🤖 AI Summary
In unsupervised cross-domain image retrieval (UCIR), performance is hindered by entanglement between semantic object features and domain-specific style features, impeding effective cross-domain matching. To address this, we propose the first diffusion model-based feature disentanglement framework for UCIR. Our method explicitly decouples semantic object representations from domain style using text-to-image generation priors, incorporates a cross-domain mutual nearest neighbor mechanism for progressive feature alignment, and augments discriminability via unsupervised contrastive learning. The core contribution lies in pioneering the integration of generative modeling—specifically diffusion-based priors—into UCIR to enable disentanglement-driven cross-domain semantic alignment. Extensive experiments across three standard benchmarks comprising 13 diverse domains demonstrate substantial improvements over state-of-the-art methods, validating both the efficacy and generalizability of generative priors in unsupervised cross-domain retrieval.
📝 Abstract
Unsupervised cross-domain image retrieval (UCIR) aims to retrieve images of the same category across diverse domains without relying on annotations. Existing UCIR methods, which align cross-domain features for the entire image, often struggle with the domain gap, as the object features critical for retrieval are frequently entangled with domain-specific styles.

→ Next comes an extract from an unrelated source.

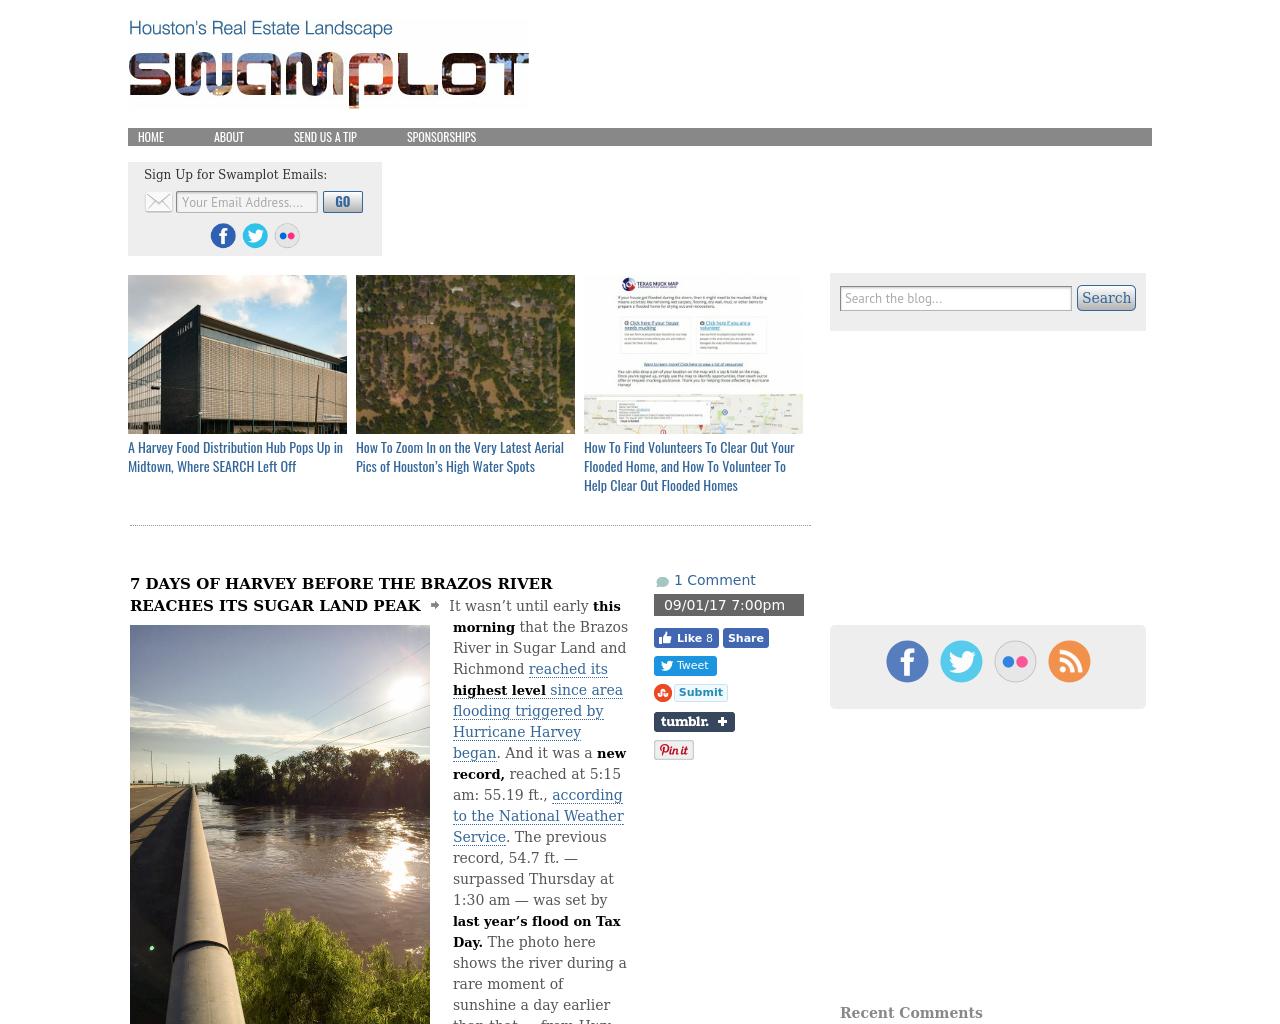 Swamplot-Advertising-Reviews-Pricing

To address this challenge, we propose DUDE, a novel UCIR method building upon feature disentanglement. In brief, DUDE leverages a text-to-image generative model to disentangle object features from domain-specific styles, thus facilitating semantical image retrieval. To further achieve reliable alignment of the disentangled object features, DUDE aligns mutual neighbors from within domains to across domains in a progressive manner. Extensive experiments demonstrate that DUDE achieves state-of-the-art performance across three benchmark datasets over 13 domains. The code will be released.